Il volumetto è pubblicato nella collana ‘Bibliotheca Sarda – Cultura e Scrittura di un’Isola’ della Illisso, una casa editrice di nicchia che raccoglie i testi del patrimonio culturale sardo e che permette di approfondire aspetti noti e meno noti dell’isola, vantando svariati autori nonimmediatamente collegabili tra loro, da Grazia Deledda a D. H. Lawrence, da Emilio Lussu a Sergio Atzeni.

Una scrittura pittorica

La raccolta si segnala per la capacità descrittiva di Nivola, in grado di esprimersi in pennellate anche attraverso le parole, la cui scelta certosina rivela un’indiscutibile attenzione per le forme (si legge di dischi, ovali, tondeggianti) e i colori (a emergere è soprattutto il rosso, l’ambra, il giallo dei pulcini, in definitiva i colori caldi; ma non manca il resto della tavolozza, mentre il biancore viene definito vibrante, una scelta aggettivale che attesta l’occhio pittorico di chi la sfoggia). Un grande rilievo assumono inoltre i dettagli relativi alla luce del giorno, soprattutto quella meridiana, che si riflette sui tetti, che liquefà la terra brulla e le strade deserte, che si impegna a far avvizzire fiori sbocciati durante la frescura notturna. Quella che emerge dalla prosa di Nivola è dunque un’estate perenne, in cui i grilli cantano melodie monotone, le ombre spariscono da terra e l’aria umida si appiccica ai corpi bisognosi di riparo. E il silenzio regna sovrano, donando un senso di immobilità:

[…] l’attimo di immobilità del violinista quando appoggia l’archetto sulle corde, prima di cominciare a suonare; l’immobilità del sole che ha raggiunto lo zenit, prima di iniziare la discesa; un’immobilità che voglio far durare ancora un po’. E prometto solennemente a me stesso: «Voglio ricordare per tutta la vita la bellezza di questo momento».

Volti di un unico uomo

Nivola è un Giano bifronte: mostra l’anima dell’artista famoso, in contatto con l’élite intellettuale newyorkese, e contemporaneamente sa di possedere l’animo dell’uomo popolare, in verità mai rinnegato ma mostrato come exemplum di forza di volontà e capacità di adattamento.
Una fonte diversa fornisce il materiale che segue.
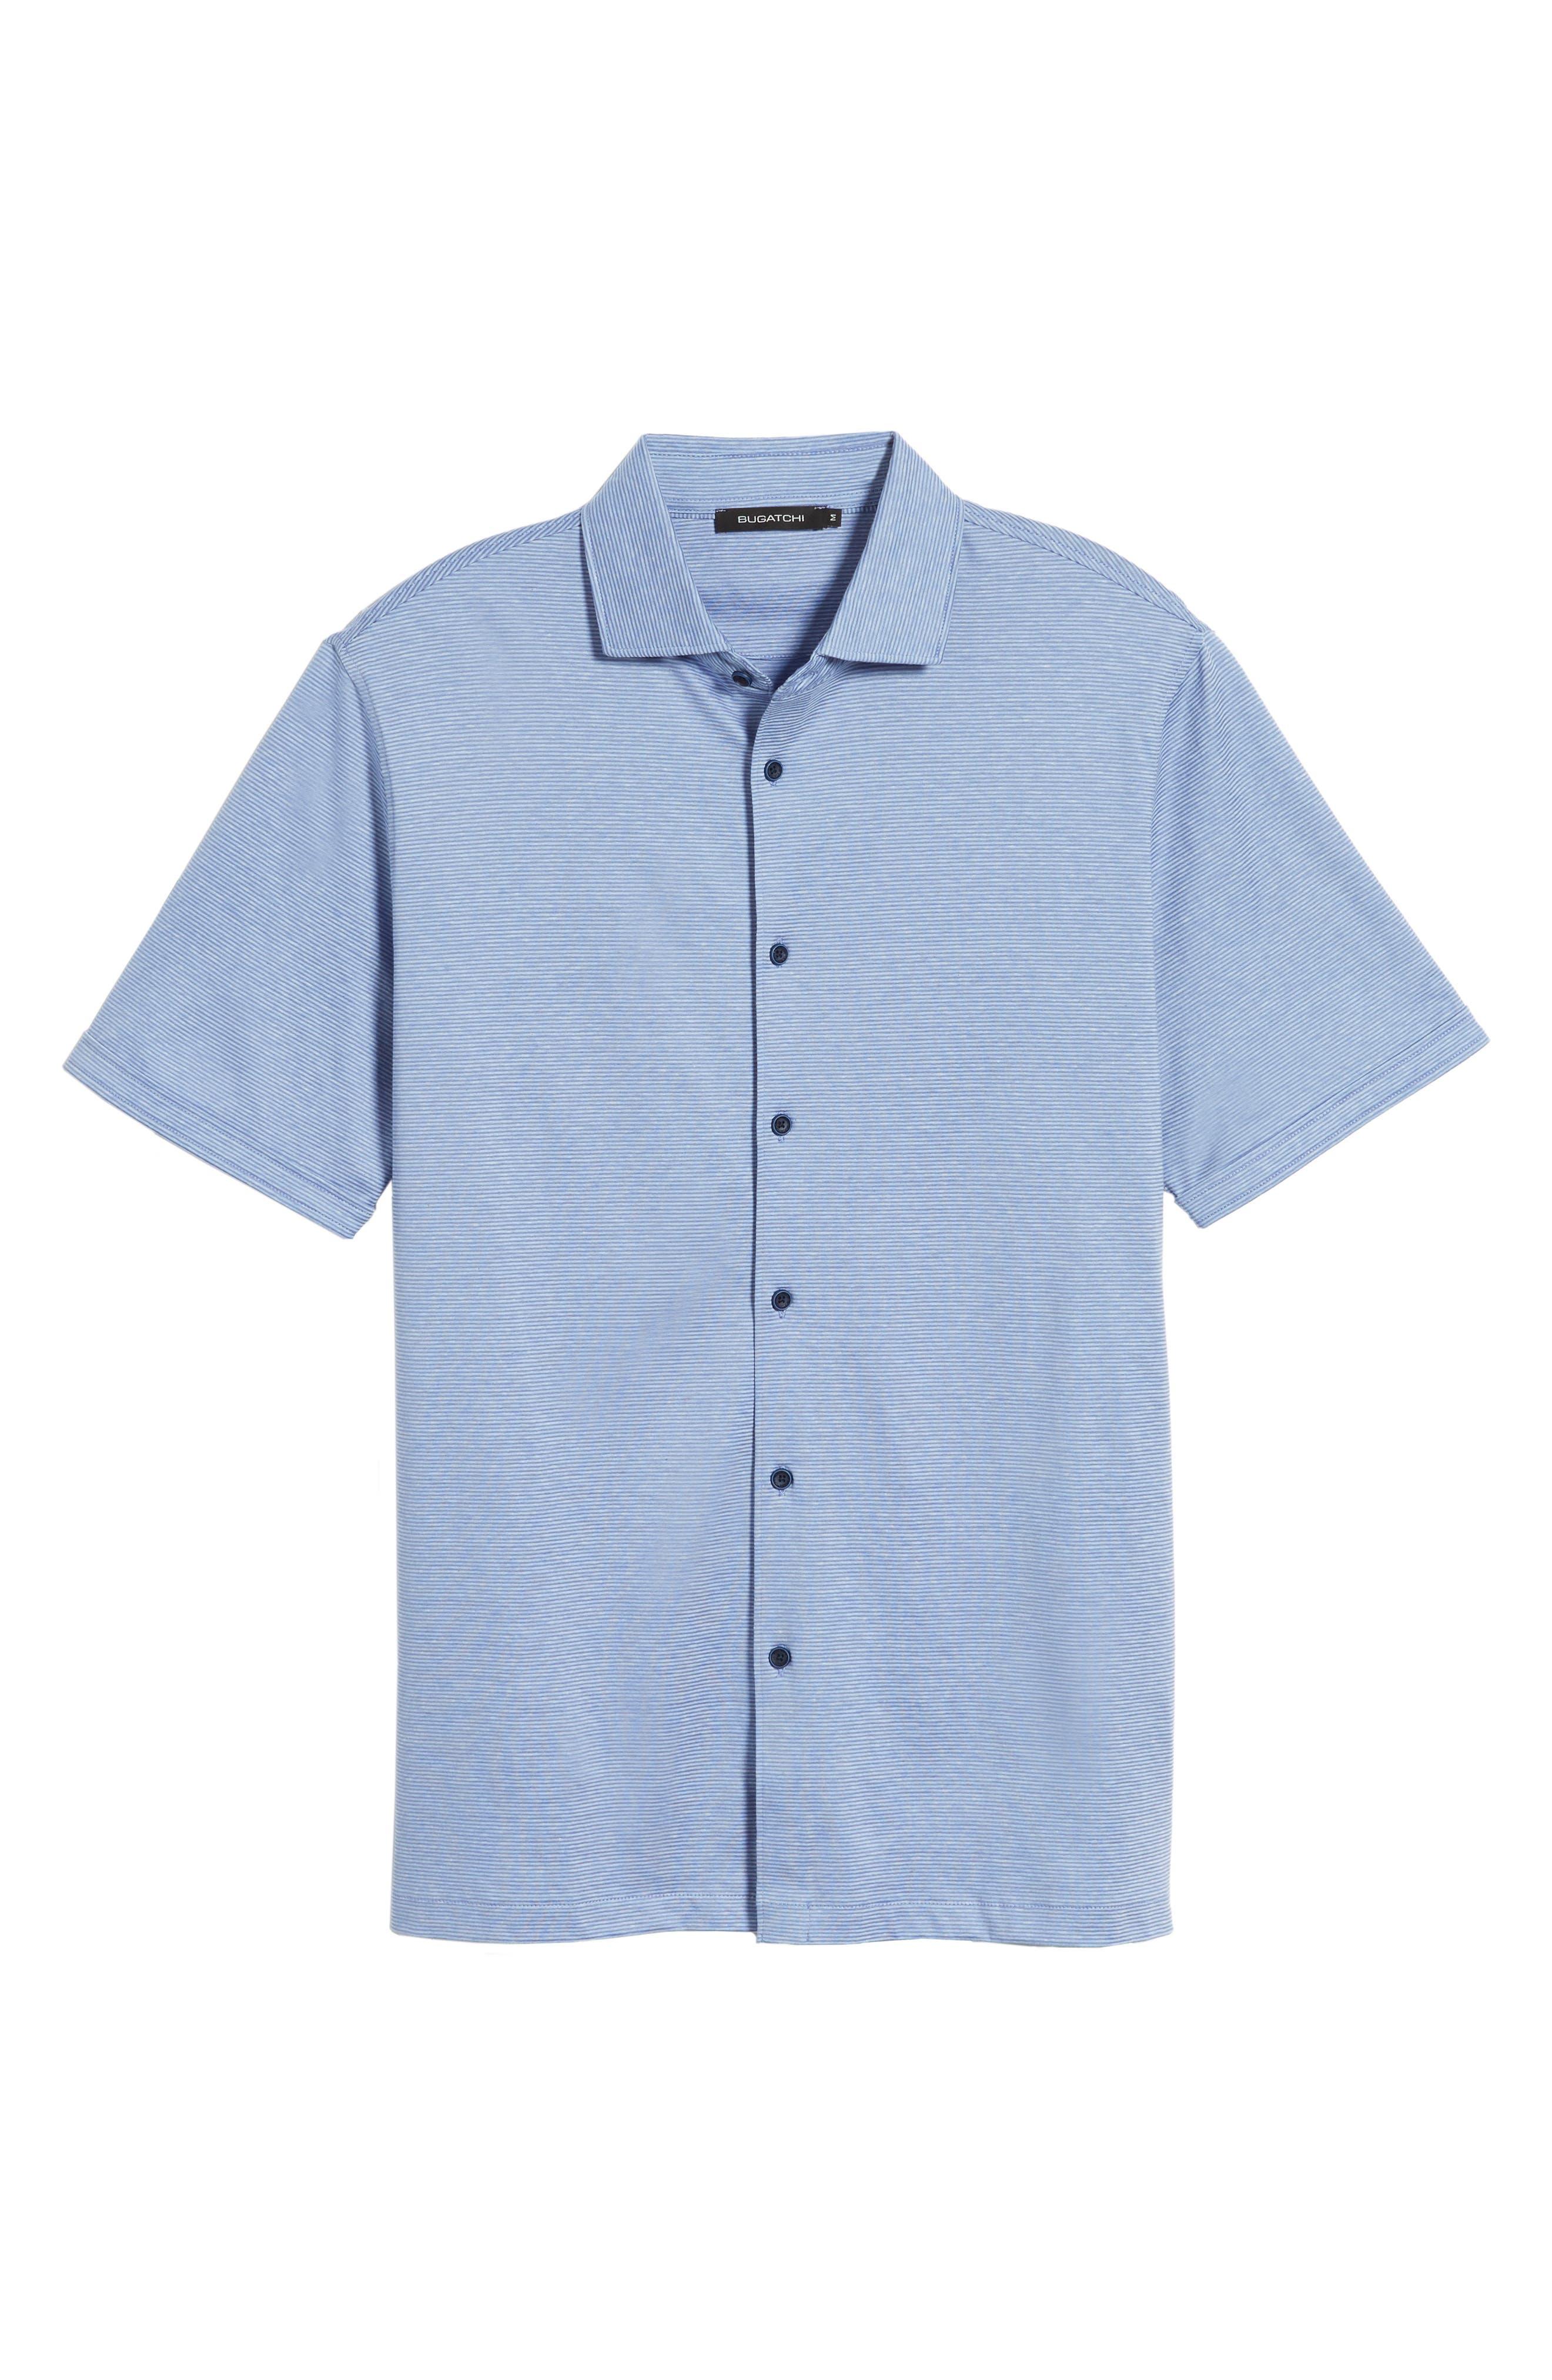 Regular Fit Knit Sport Shirt,                             Alternate thumbnail 6, color,                             Lilac

Attraverso l’impianto favolistico del racconto, in cui affiora un linguaggio semplice – specchio della genuinità delle azioni rappresentate – e l’asprezza di alcuni temi – primo tra tutti, la fame – dichiara il significato pedagogico e non psicologico delle memorie: Ho capito tutto il giorno che mia madre si è rifiutata di darmi il pane. L’operazione compiuta da Nivola non è un’introspezione alla Zeno Cosini, non è una ricerca del significato dell’essere e dell’esistere; è piuttosto un modo per comprendere chi è diventato e attraverso quali esperienze tangibili (la mancanza d’amore per la madre, l’assenza di una figura di riferimento, il lavoro duro, la denutrizione: la fine del pane era la fine del mondo).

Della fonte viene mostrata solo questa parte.